On Jun 8, 2010, at 14:42 , Jeff Squyres wrote:

> Look at my output -- I did...
>
> On Jun 8, 2010, at 10:40 AM, George Bosilca wrote:
>
>> Still no good, the opal_atomic_cmpset_32 is not inlined. Try to add -O3 to your command line, this helped for gcc.
>>
>> Thanks,
>> george.
>>
>> On Jun 8, 2010, at 14:14 , Jeff Squyres wrote:
>>
>>> On Jun 8, 2010, at 9:53 AM, George Bosilca wrote:
>>>
>>>> As you can see there is no explicit call, the opal_atomic_cmpset_32 is really inlined. I think the problem is that you didn't specify the -O3 flag on your command line.
>>>
>>> Ah, you wanted me to compile the OMPI code itself and send you the assembly. That's not what you asked for. :-)
>>>
>>> (I just took the code you sent in the mail, stuffed it into george.c, and compiled that with -s -- outside of the context of the Open MPI code tree)
>>>
>>> Here's the new output.
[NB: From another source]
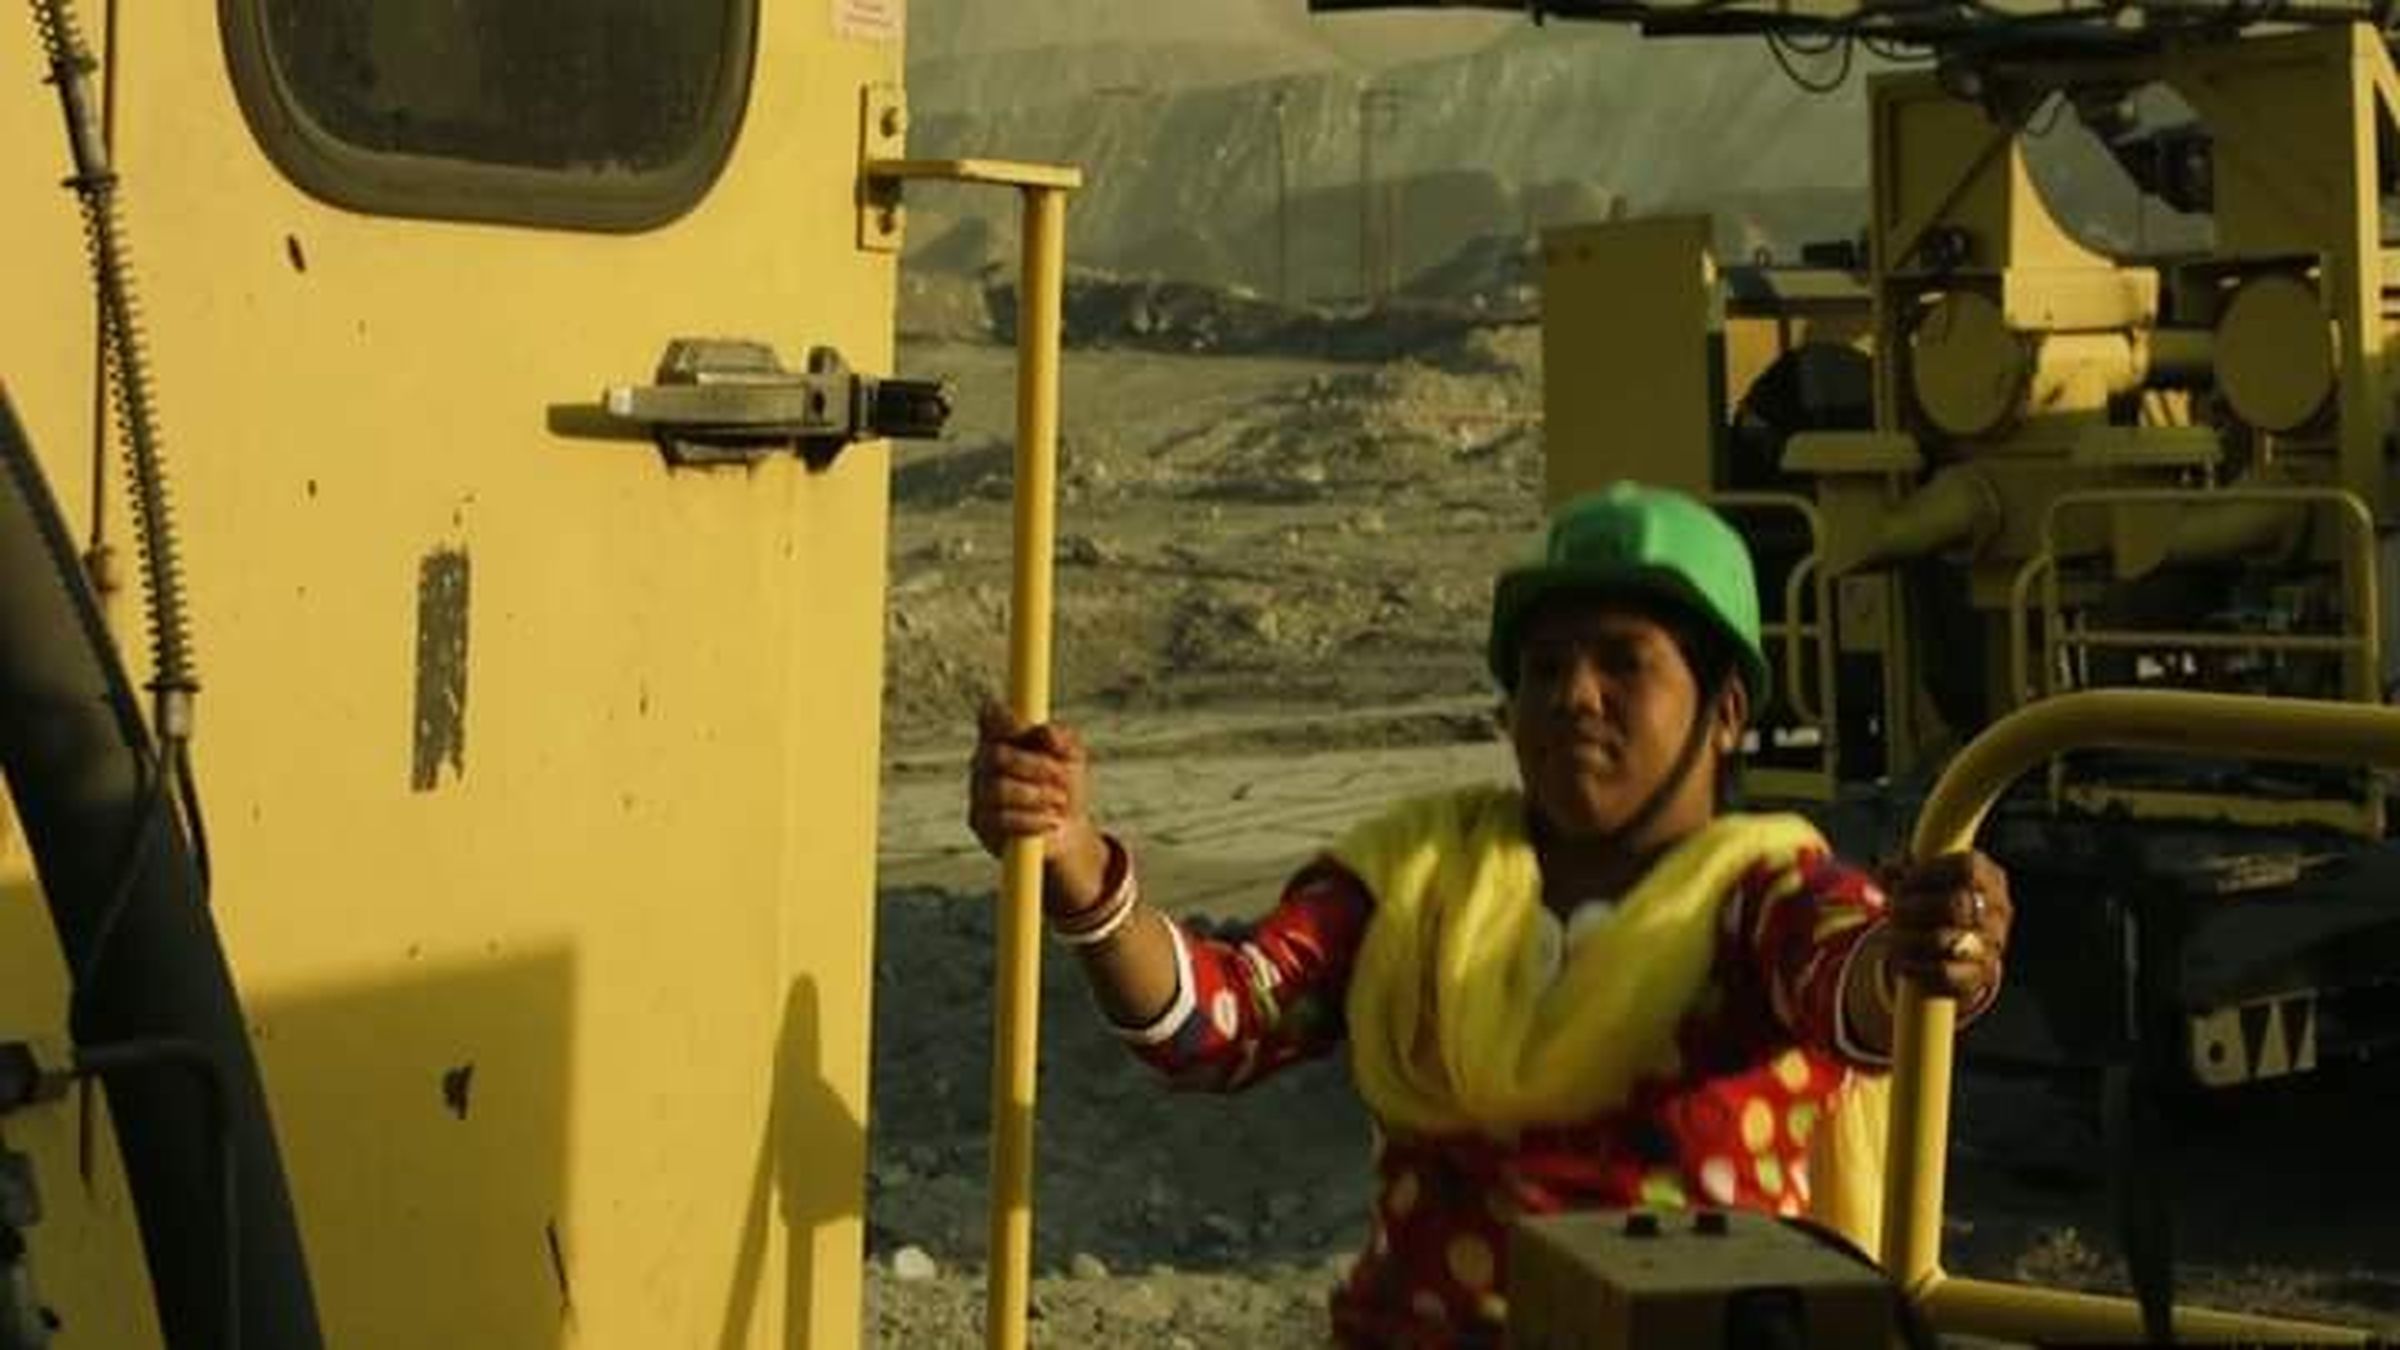 Women employees operating drill machine in the coal mine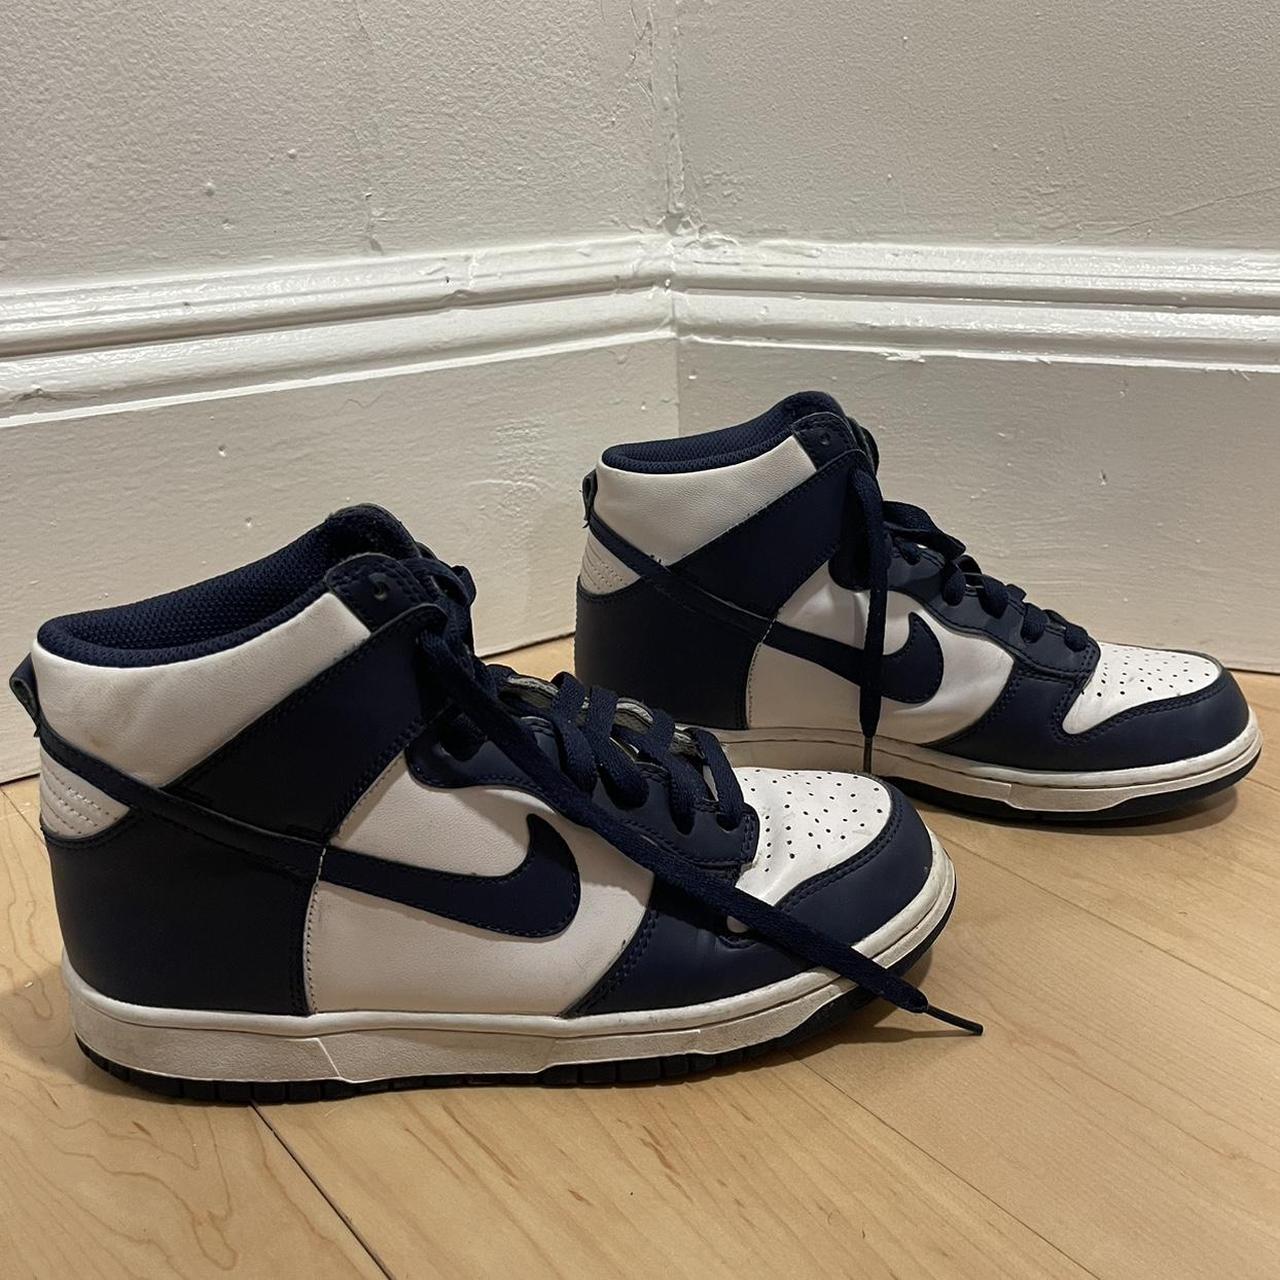 Navy and white Nike dunks high tops - Depop

It still didn't inline, but you can see the code for the _cmpset function:
>>>
>>> -----
>>> [7:13] svbu-mpi:~/tmp % cat george.c
>>> #include <stdint.h>
>>>
>>> #include "opal/sys/atomic.h"
>>>
>>> int foo(void) {
>>> int32_t oldval, delta;
>>> int32_t *addr = 0;
>>> do {
>>> oldval = *addr;
>>> } while (0 == opal_atomic_cmpset_32(addr, oldval, oldval + delta));
>>> return (oldval + delta);
>>> }
>>>
>>> [7:13] svbu-mpi:~/tmp % pgcc -O3 -I /home/jsquyres/svn/ompi4 -I/home/jsquyres/svn/ompi4/opal/include -c -s george.c
>>> [7:13] svbu-mpi:~/tmp % cat george.s .file "george.c"
>>> .version "01.01"
>>> ## PGC 7.0 -opt 1
>>> ## PGC 06/08/2010 05:10:04
>>> ## pgcc george.c -c -S
>>> ## /opt/pgi/7.0.7/linux86-64/7.0-7/bin/pgc
>>> ## george.c -opt 1 -terse 1 -inform warn -x 119 0xa10000 -x 122 0x40 -x 123 0x1000
>>> ## -x 127 4 -x 127 16 -x 19 0x400000 -x 28 0x40000 -x 70 0x8000 -x 122 1 -quad
>>> ## -x 59 4 -x 59 4 -tp p7-64 -astype 0 -stdinc /opt/pgi/7.0.7/linux86-64/7.0-7/include:/usr/local/include:/usr/lib/gcc/x86_64-redhat-linux/4.1.2/include:/usr/lib/gcc/x86_64-redhat-linux/4.1.2/include:/usr/include
>>> ## -def unix -def __unix -def __unix__ -def linux -def __linux -def __linux__
>>> ## -def __NO_MATH_INLINES -def __x86_64__ -def __LONG_MAX__=9223372036854775807L
>>> ## -def __SIZE_TYPE__=unsigned long int -def __PTRDIFF_TYPE__=long int -def __THROW=
>>> ## -def __extension__= -def __amd64__ -def __SSE__ -def __MMX__ -def __SSE2__
>>> ## -def __SSE3__ -predicate #machine(x86_64) #lint(off) #system(posix) #cpu(x86_64)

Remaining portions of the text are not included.